There is another way to bend them for sure: Use a heat source that is significantly smaller than the bottom of the pan. That'll kill it too :bat:


----------



## sudsy9977 (Dec 4, 2016)

Can you use very little to almost no oil when cooking with these pans? I can't use a lot of fats in my meals and would rather use these than nonstick. Ryan


----------



## miggus (Dec 4, 2016)

Hmm it depends on what you will make exactly. Generally speaking, I would tend to "no" - you will need at least a bit if oil for frying tasks if the original ingredients contain none. For example, pancakes will stick if you use no oil at all.


----------



## Mucho Bocho (Dec 4, 2016)

I hate to burst everyone's bubble but Debyuer pans do not want to be pre seasoned. You're only kidding yourself if you think it's going to last. They will blacken and patina properly by just using them. At least that what happens with the eight or so i have.


----------



## PalmRoyale (Dec 4, 2016)

De Buyer explains on their FAQ page how to season it (just found out :biggrin: ) to speed up the process. I think they would know better than you how to treat the pans they produce.


----------



## daveb (Dec 4, 2016)

Shots Fired!:nunchucks:


----------



## DamageInc (Dec 4, 2016)

PalmRoyale said:


> De Buyer explains on their FAQ page how to season it (just found out :biggrin: ) to speed up the process. I think they would know better than you how to treat the pans they produce.

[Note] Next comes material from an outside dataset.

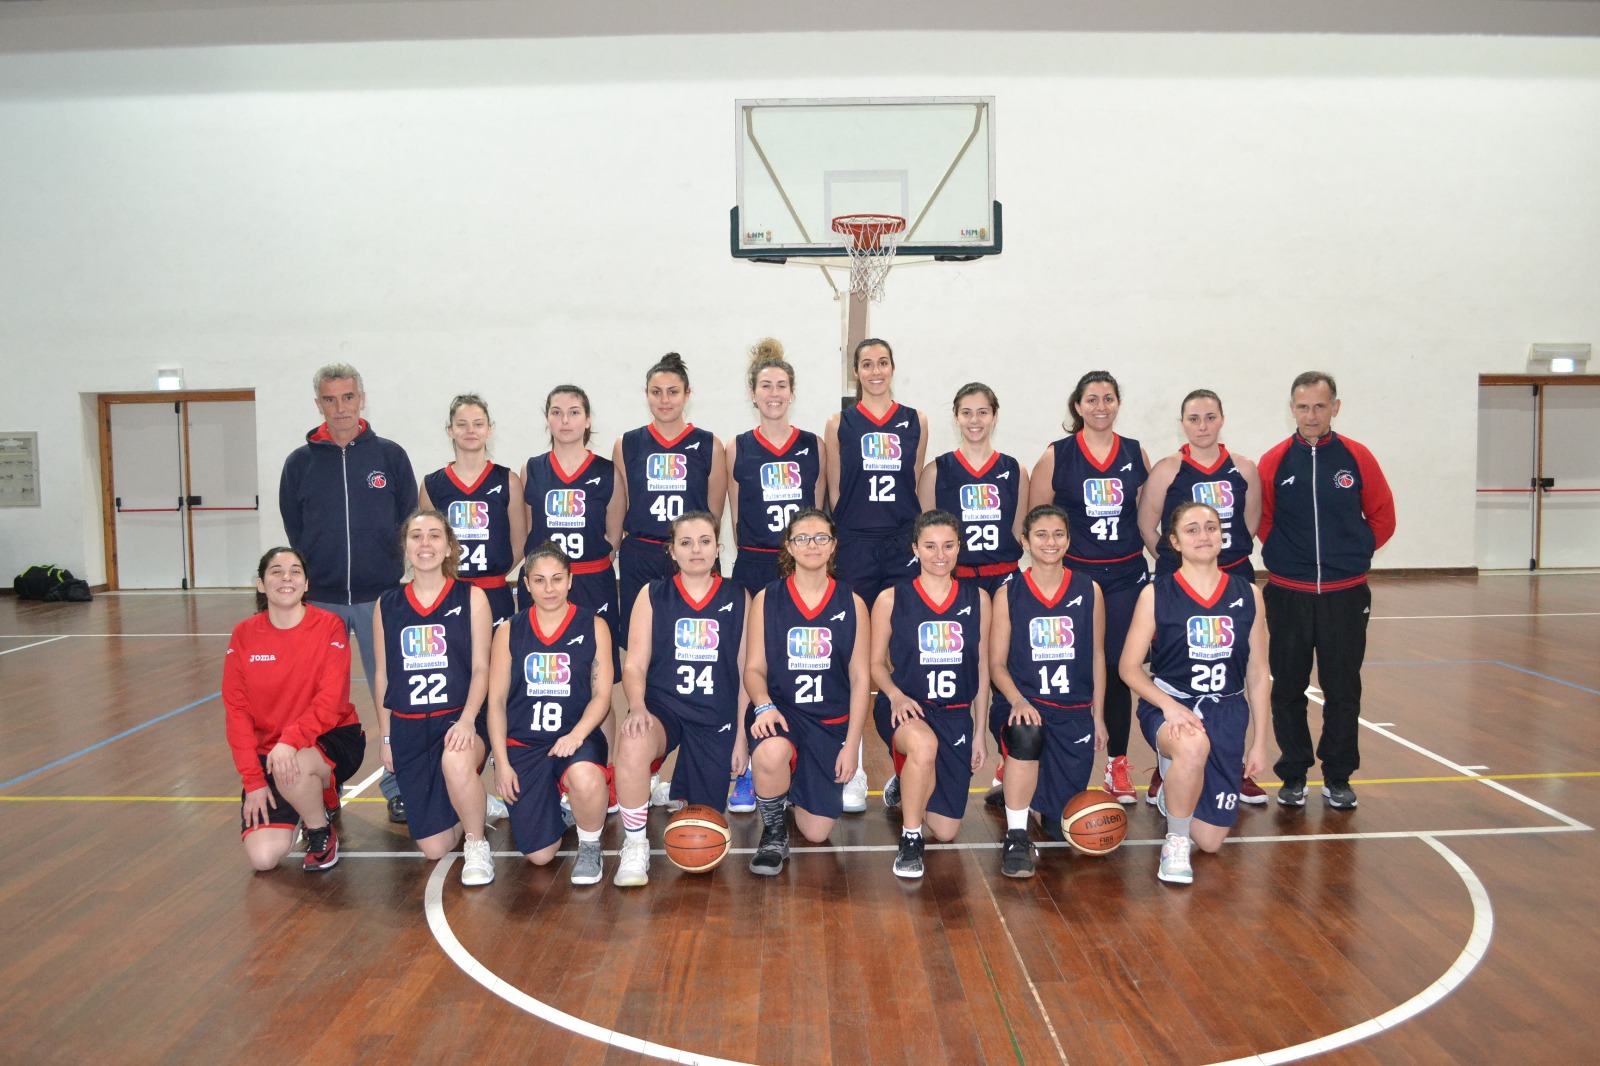 CUS Catania Basket: 10 su 10 per la ragazze di coach Vaccino

I forgot how the manufacturer is always right no matter what. I guess maybe I should go pick up a Henckels pull-thru sharpener and start sharpening knives the correct way.


----------



## miggus (Dec 4, 2016)

It really is not so much of a big deal with forged iron pans. They will take a patina super quickly. Rub some oil on it, put it in the oven, done. I didn't even do that, just heated the thing on the stove with some oil and started cooking, it worked pretty well already. So no reason to get scientific about it - some heat and some grease, and the pan will do its job :surrendar:


----------



## aboynamedsuita (Dec 4, 2016)

DamageInc said:


> I forgot how the manufacturer is always right no matter what. I guess maybe I should go pick up a Henckels pull-thru sharpener and start sharpening knives the correct way.



:doublethumbsup:

I think I'll maybe start using the steel to "sharpen" my knives as many claim


----------



## mise_en_place (Dec 4, 2016)

Doing the method described in the OP certainly will season your pans, but like a forced patina, the finish will be overtaken (and better for it) if you actually use the pan frequently.


----------



## boomchakabowwow (Dec 29, 2016)

i quit caring about the seasoning on mine. it is blotchy, gone from areas, super seasoned on some areas..i fried a piece of deer meat and it even pulled up some seasoning. granted i did pull it up, before the meat hit that perfect sear point where it releases by itself. duh.

i'm taking it camping in a few weeks to hunt more deer. that pan is about to see hell.


----------



## boomchakabowwow (Dec 29, 2016)

just watched a youtube video..this lady's pan was black like coal!! like a cast iron pan. she must use it everyday for things..


----------